* _TASK TO CARRY OUT_:
Please repeat the data exactly. Any picture in it stays out.

* _RECORDED INFORMATION_:
....
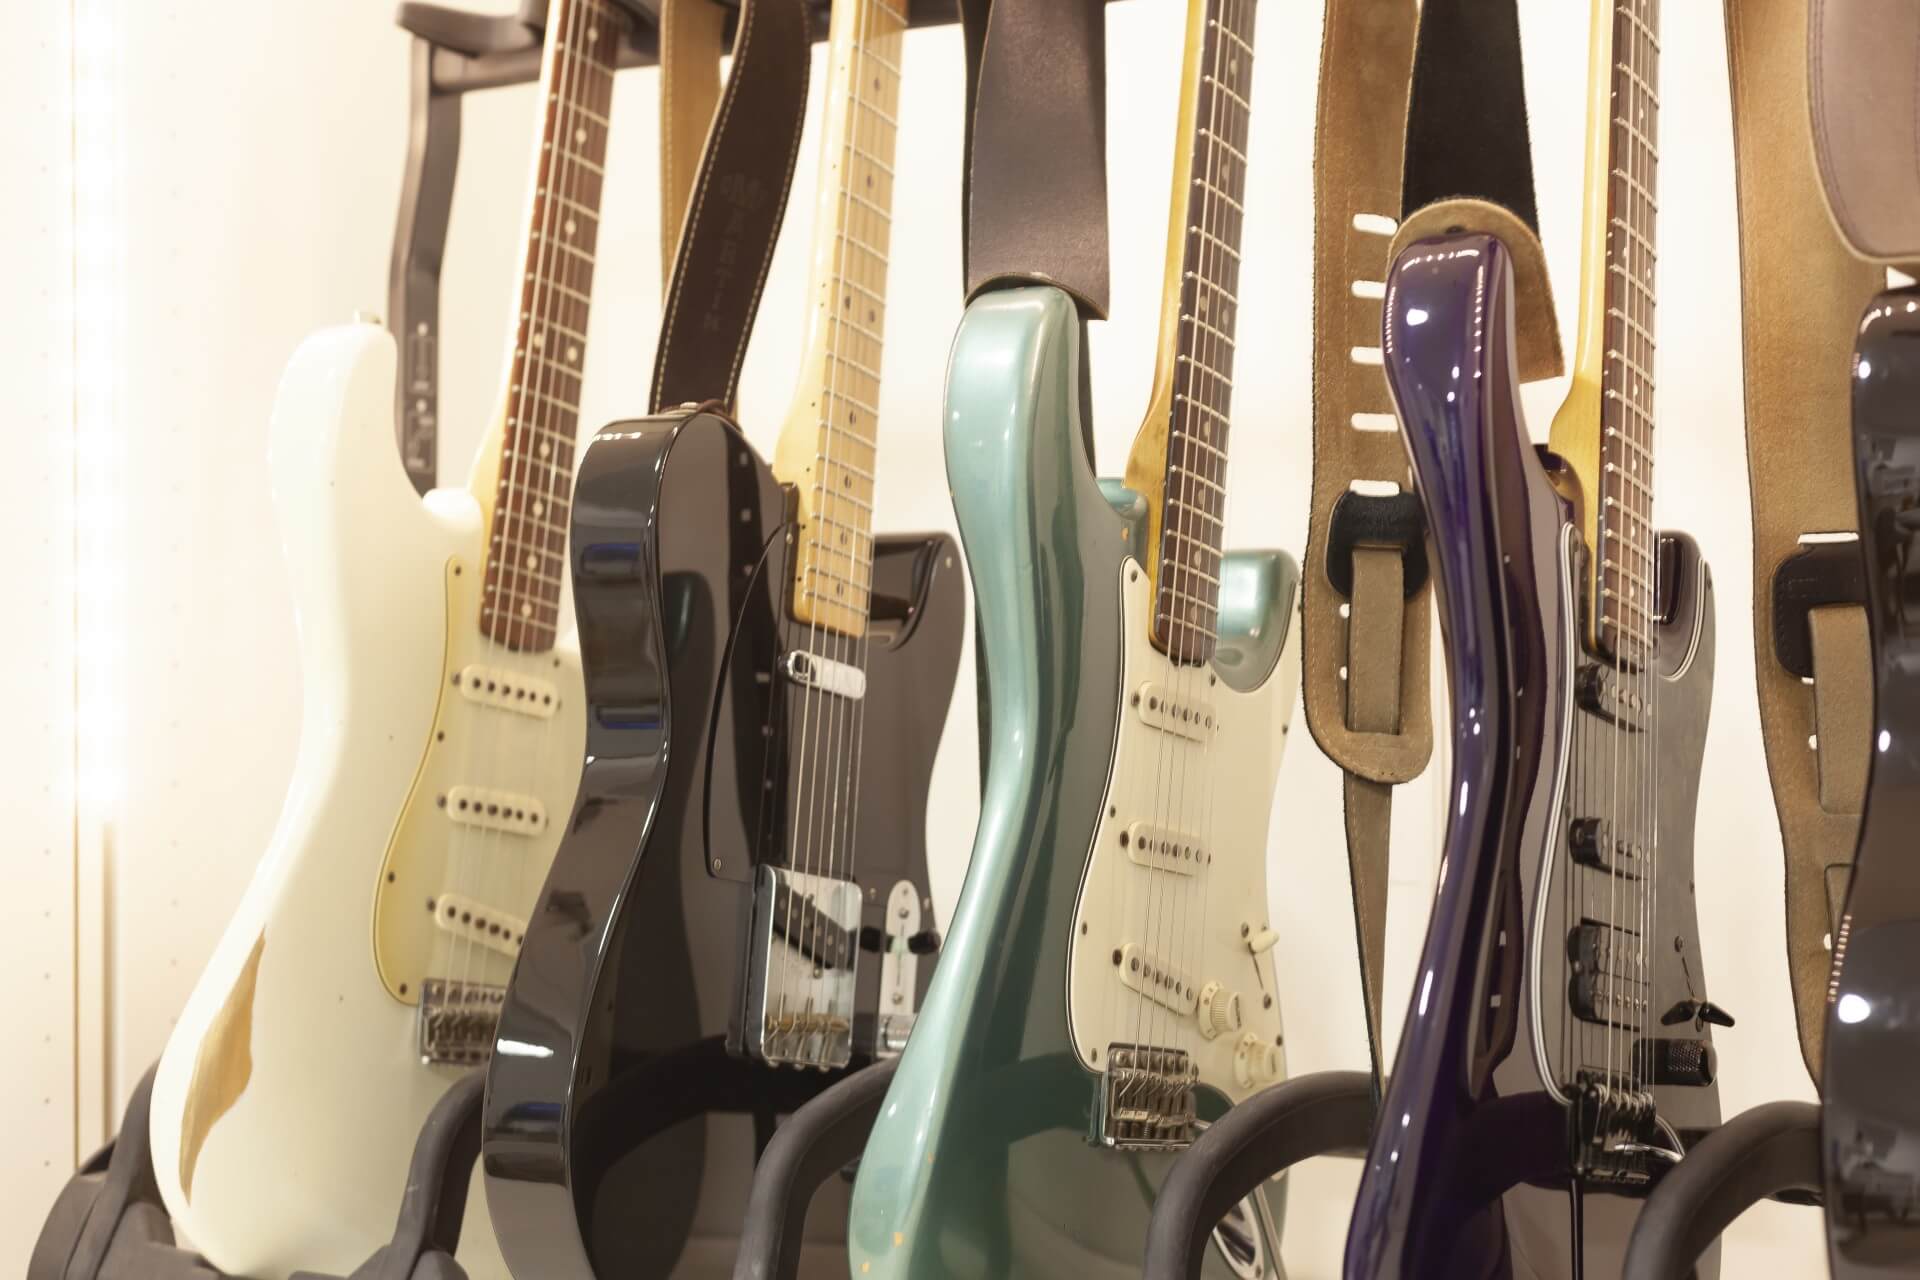 Korpusse verschiedener Stratocaster und Telecaster Modelle.
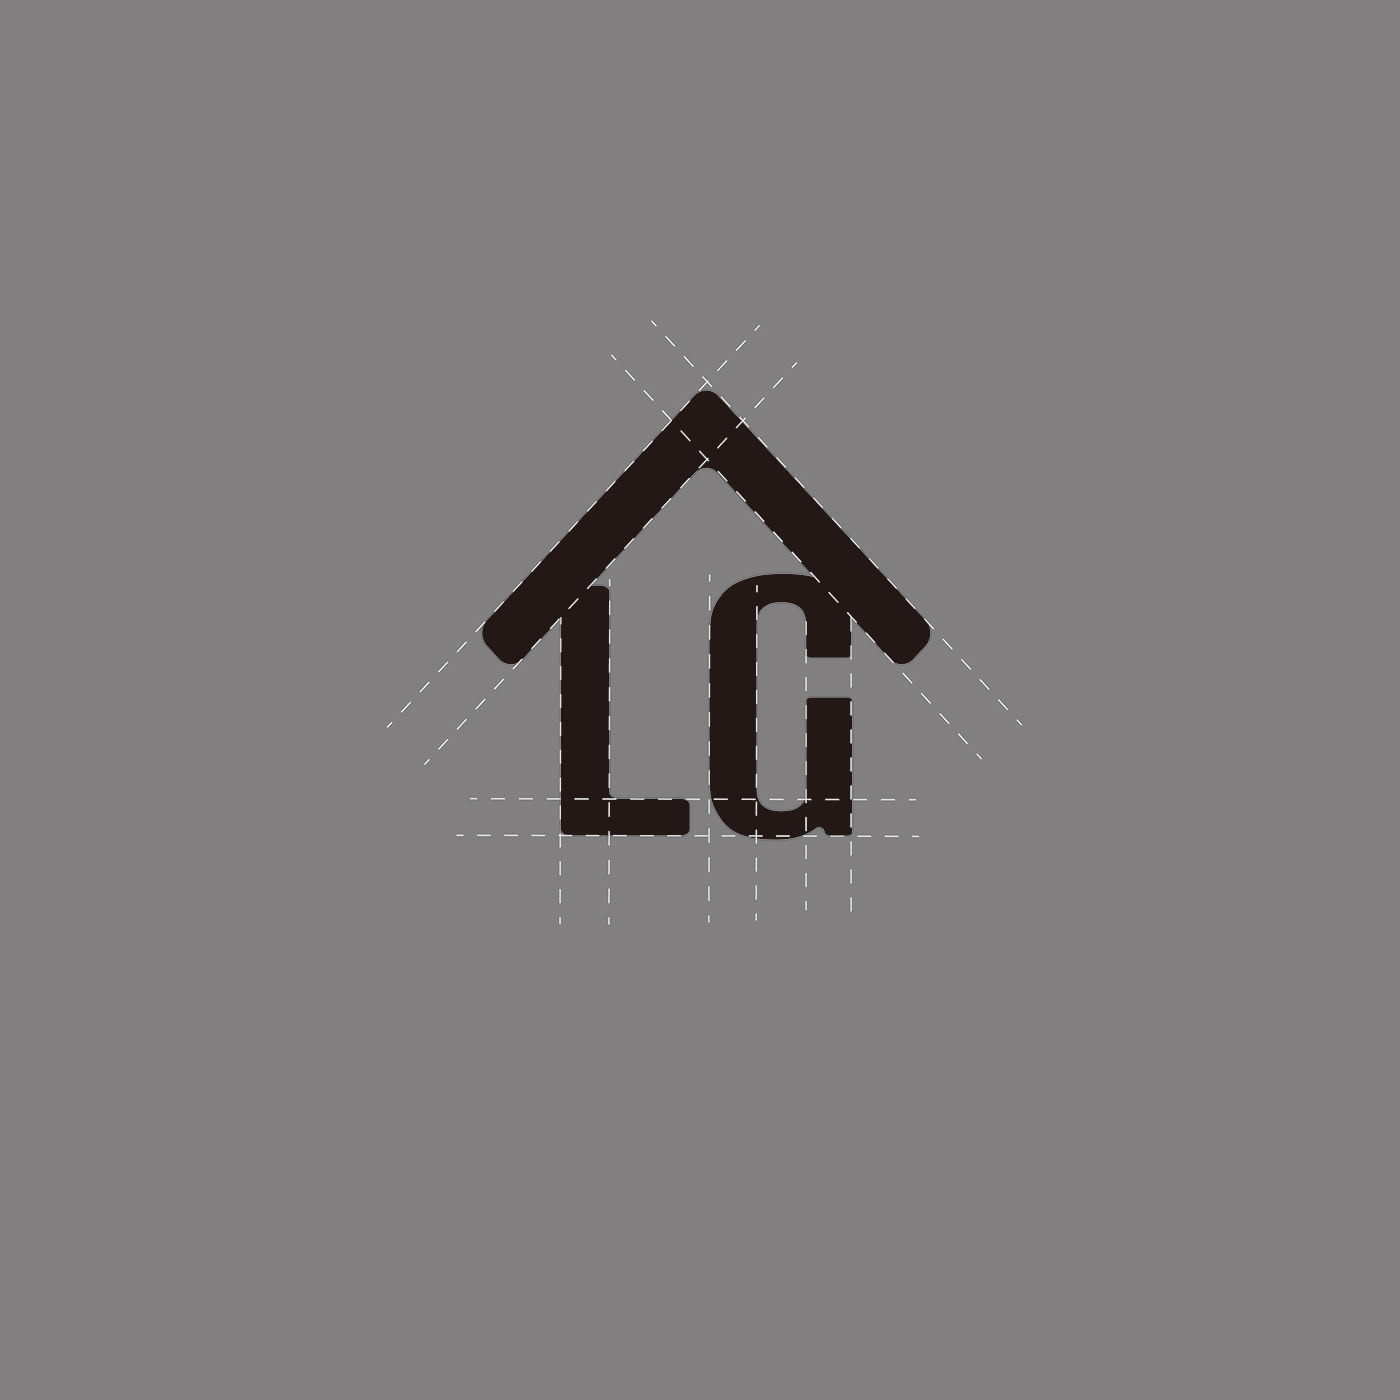 Multipurpose studio logo Logo Design identity Brand Design house home lg oldhouse
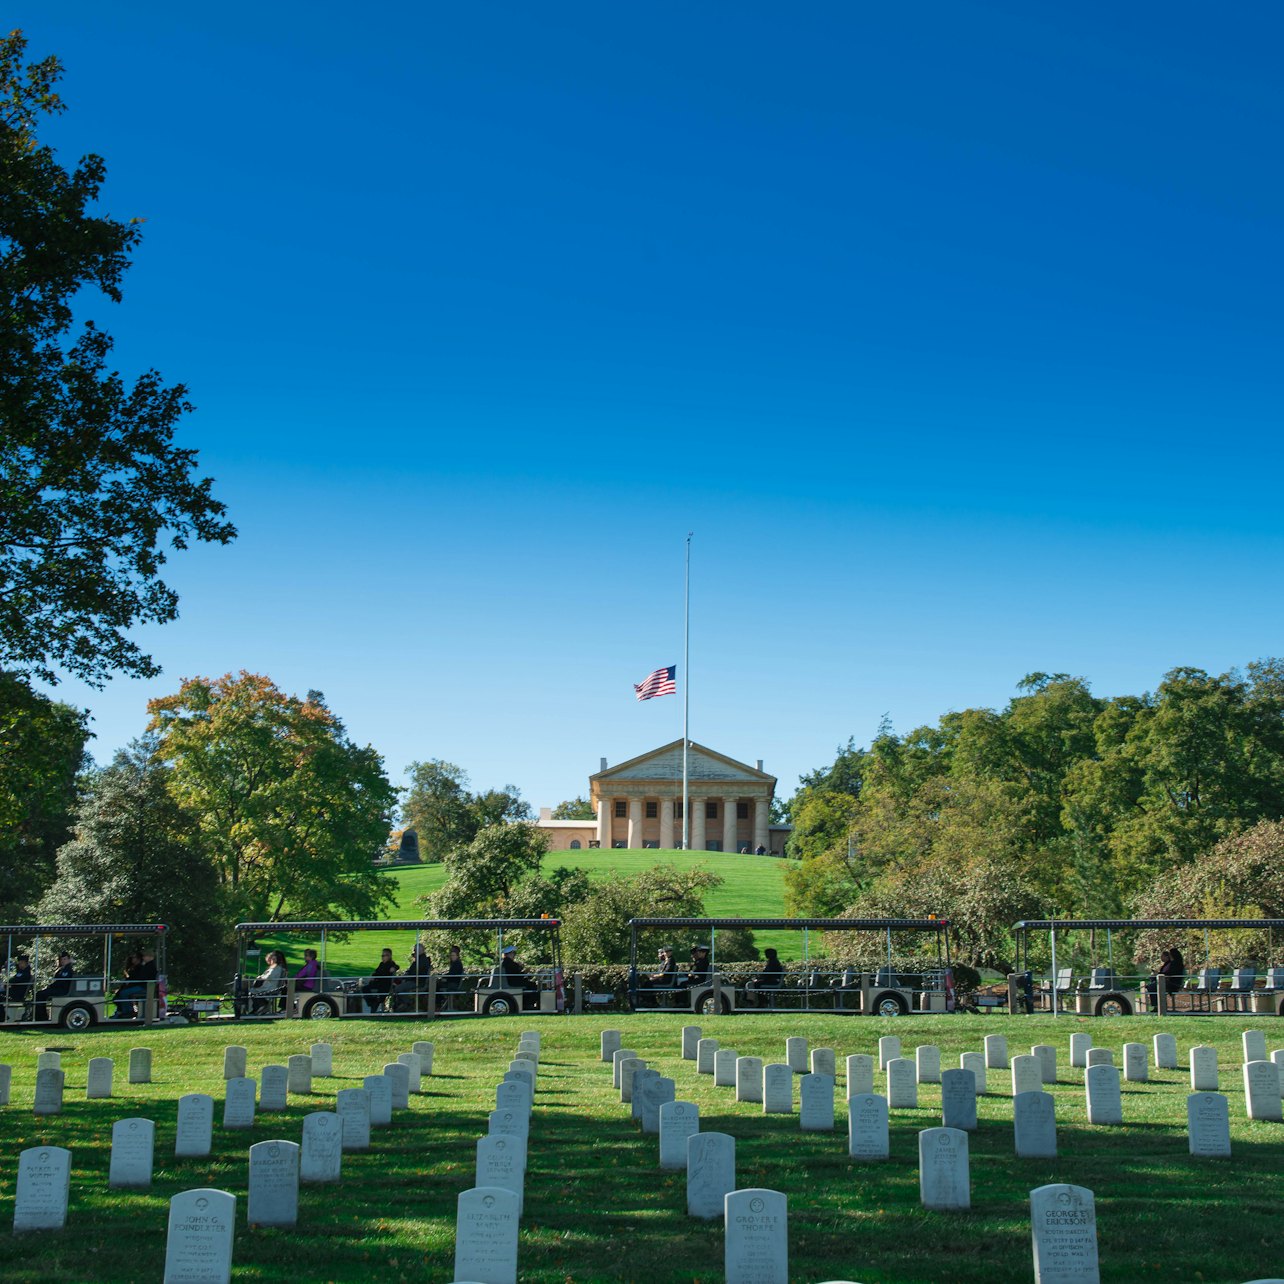 Cemitério Nacional de Arlington: trólei hop-on hop-off - Acomodações em Washington D.C.
....
* _EXERCISE ANSWER_:
 Korpusse verschiedener Stratocaster und Telecaster Modelle.
 Multipurpose studio logo Logo Design identity Brand Design house home lg oldhouse
 Cemitério Nacional de Arlington: trólei hop-on hop-off - Acomodações em Washington D.C.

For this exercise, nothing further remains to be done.